= Ketna Patel =

British-Indian artist

Ketna Patel (born 1968) is a British-Indian pop artist.

== Early life and education ==
Ketna Patel was born in Uganda. She received her education in the United Kingdom, where she studied Design and Architecture.

== Career ==
Some of Patel's clients include IIFA (International Indian Film Academy) and director Spike Lee. She has licensed her artwork for many applications; the last being an ongoing contract with the Austrian furniture maker ADA to make bed headboards inspired by European history. Her Asia Pop collection, a series celebrating popular Asian street culture by giving a voice to the invisible and marginalized, was used as inspiration for fashion label AllDressedUp's Spring/Summer 2010 collection, which was shown in 25 countries.

Ketna's studio in Singapore became an experiment in communal living and an organic artist collective.

In 2011, Tata Motors commissioned her to convert one of their Nano cars into a work of art, which she did using Italian glass mosaic by SICIS. In 2012, she painted a giant fibreglass elephant for the Elephant Parade and was a brand ambassador for Kiehl's to raise money for autism. In April 2015, she was invited by Singapore's AWARE and WOAM (Women on a Mission) to stage a solo exhibition to raise money for the Nepal earthquake.
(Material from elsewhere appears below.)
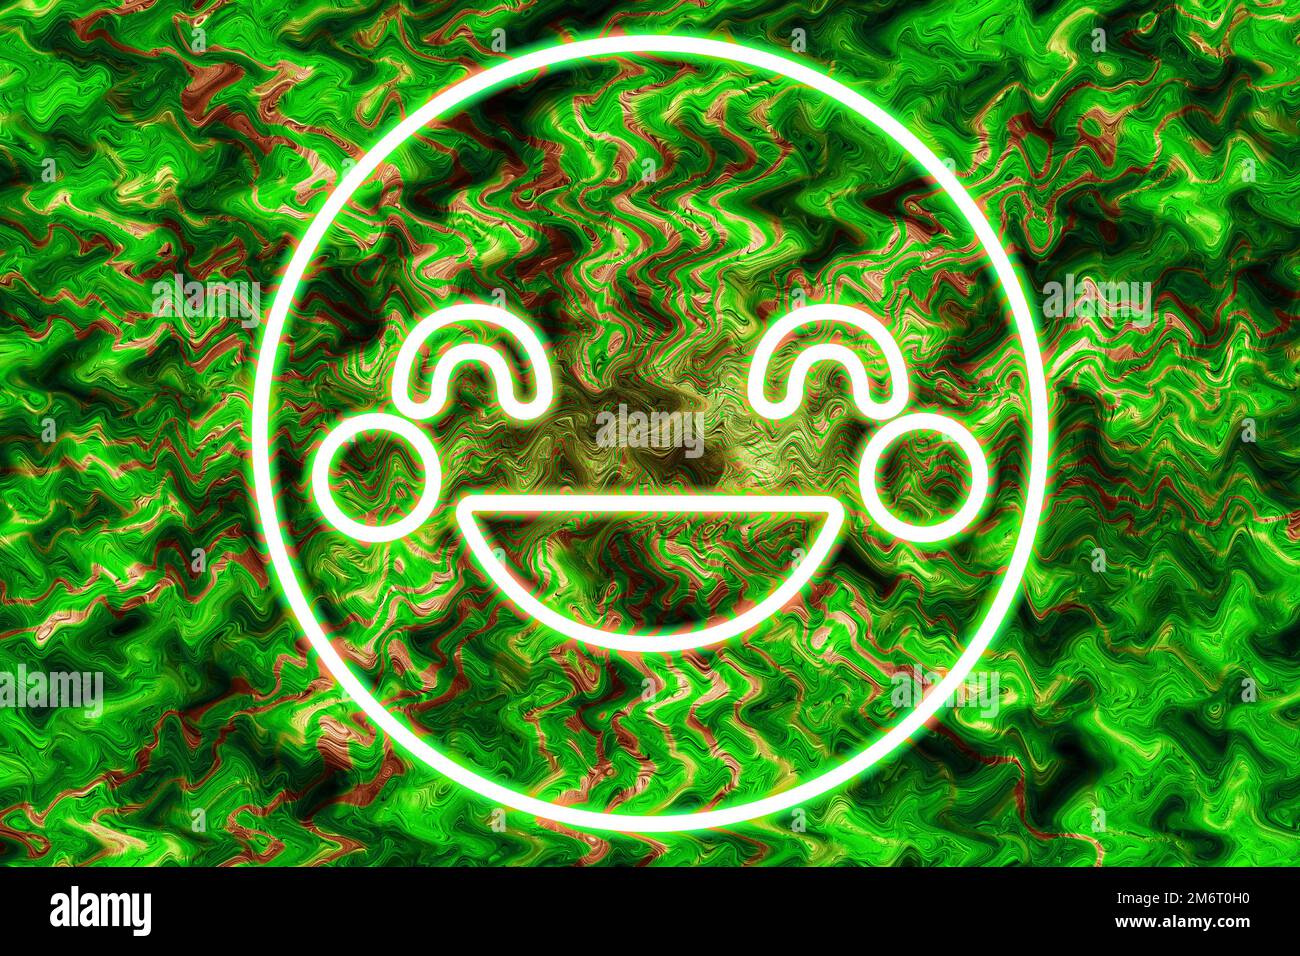 Modern creative abstract background with colored graphic emoticon. Digital texture with symbol emotion icon in modern style. Con Stock Photo

Recently, the Salsali Private Museum in Dubai acquired and exhibited her piece "Asian Grandfathers." Aside from being commissioned by several hotels and restaurants in Singapore and the UK, Patel has participated in talks, workshops and exhibitions worldwide.

Alongside her studio work, from 2013-2018, Ketna organized and participated in ‘Rural – Urban’ divide village projects in India and the UK to continue investigating the ramifications of globalization on identity, populism and nationhood.

In 2018, she was presented with the UK-India Youth leader award, and consequently selected to be part of the steering committee for the Commonwealth Business Women’s network (both headquartered in London). Ketna is also a member of the non profit Thinktank organization, Bridge India.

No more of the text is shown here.